The director uses Pacemaker to provide a highly available cluster of Controller nodes. Pacemaker uses a process called STONITH (Shoot-The-Other-Node-In-The-Head) to help fence faulty nodes. By default, STONITH is disabled on your cluster and requires manual configuration so that Pacemaker can control the power management of each node in the cluster.

Note

Login to each node as the heat-admin user from the stack user on the director.
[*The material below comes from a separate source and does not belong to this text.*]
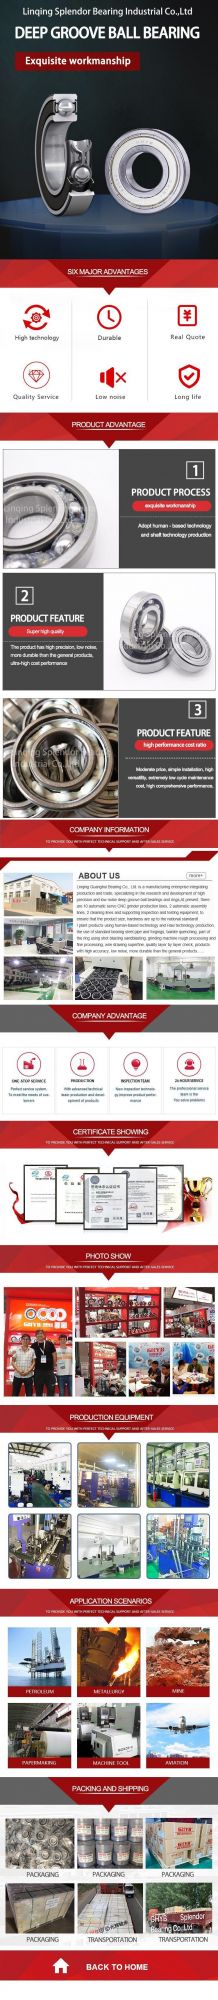 China Factory Distributor Supplier of Deep Groove Ball Bearings for Motors, Compressors, Alternators 6312-2rz/P6/Z2V2
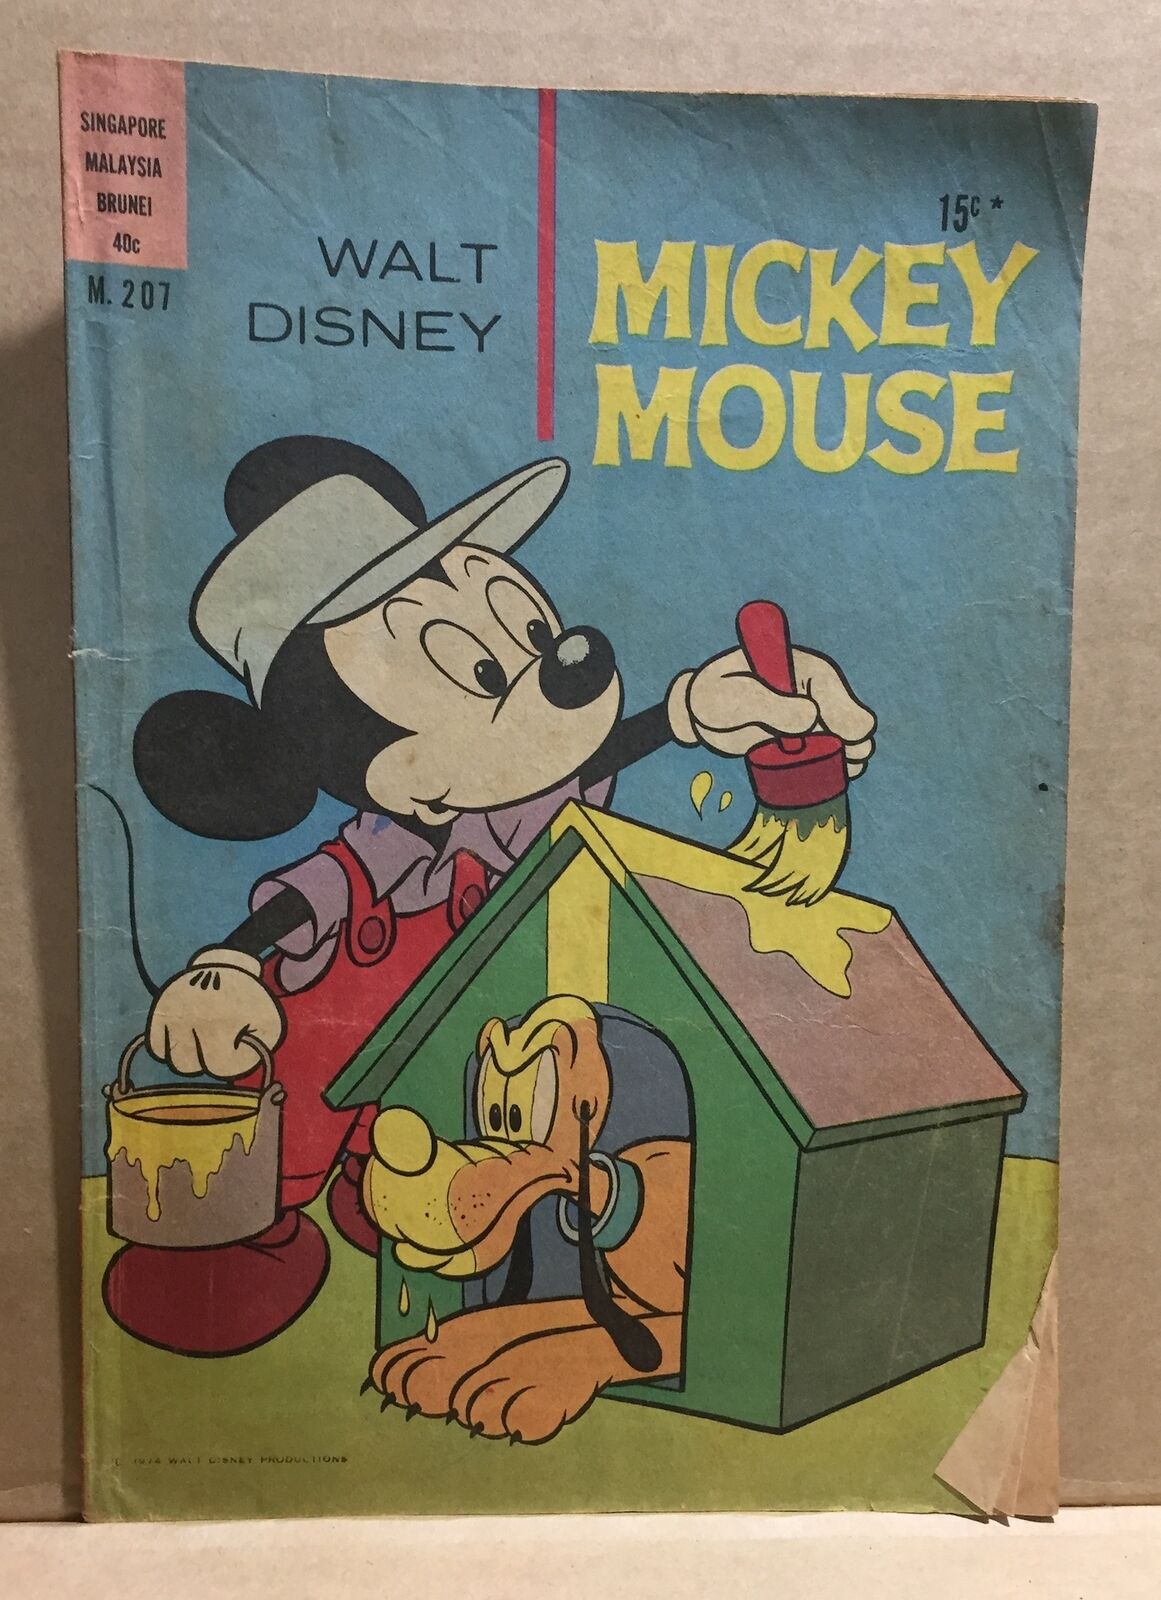 WALT DISNEY COMIC BOOK - MICKEY MOUSE M.207  australian

The Overcloud creation automatically copies the stack user's SSH key to each node's heat-admin.
Verify you have a running cluster with pcs status:
  $ sudo pcs status
  Cluster name: openstackHA
  Last updated: Wed Jun 24 12:40:27 2015
  Last change: Wed Jun 24 11:36:18 2015
  Stack: corosync
  Current DC: lb-c1a2 (2) - partition with quorum
  Version: 1.1.12-a14efad
  3 Nodes configured
  141 Resources configured
Verify that stonith is disabled with pcs property show:
$ sudo pcs property show
Cluster Properties:
cluster-infrastructure: corosync
cluster-name: openstackHA
dc-version: 1.1.12-a14efad
have-watchdog: false
stonith-enabled: false
The Controller nodes contain a set of fencing agents for the various power management devices the director supports. This includes:

Table 8.1. Fence Agents

Device
Type
fence_ipmilan
The Intelligent Platform Management Interface (IPMI)
fence_idrac, fence_drac5
Dell Remote Access Controller (DRAC)
fence_ilo
Integrated Lights-Out (iLO)
fence_ucs
fence_xvm, fence_virt
Libvirt and SSH
The rest of this section uses the IPMI agent (fence_ipmilan) as an example.
View a full list of IPMI options that Pacemaker supports:
$ sudo pcs stonith describe fence_ipmilan
Each node requires configuration of IPMI devices to control the power management. This involves adding a stonith device to Pacemaker for each node. Use the following commands for the cluster:

Note

The second command in each example is to prevent the node from asking to fence itself.
For Controller node 0:
$ sudo pcs stonith create my-ipmilan-for-controller-0 fence_ipmilan pcmk_host_list=overcloud-controller-0 ipaddr=192.0.2.205 login=admin passwd=p@55w0rd! lanplus=1 cipher=1 op monitor interval=60s
$ sudo pcs constraint location my-ipmilan-for-controller-0 avoids overcloud-controller-0
For Controller node 1:
$ sudo pcs stonith create my-ipmilan-for-controller-1 fence_ipmilan pcmk_host_list=overcloud-controller-1 ipaddr=192.0.2.206 login=admin passwd=p@55w0rd! lanplus=1 cipher=1 op monitor interval=60s
$ sudo pcs constraint location my-ipmilan-for-controller-1 avoids overcloud-controller-1
For Controller node 2:
$ sudo pcs stonith create my-ipmilan-for-controller-2 fence_ipmilan pcmk_host_list=overcloud-controller-2 ipaddr=192.0.2.207 login=admin passwd=p@55w0rd! lanplus=1 cipher=1 op monitor interval=60s
$ sudo pcs constraint location my-ipmilan-for-controller-2 avoids overcloud-controller-2
Run the following command to see all stonith resources:
$ sudo pcs stonith show
Run the following command to see a specific stonith resource:
$ sudo pcs stonith show [stonith-name]
Finally, enable fencing by setting the stonith property to true:
$ sudo pcs property set stonith-enabled=true
Verify the property:
$ sudo pcs property show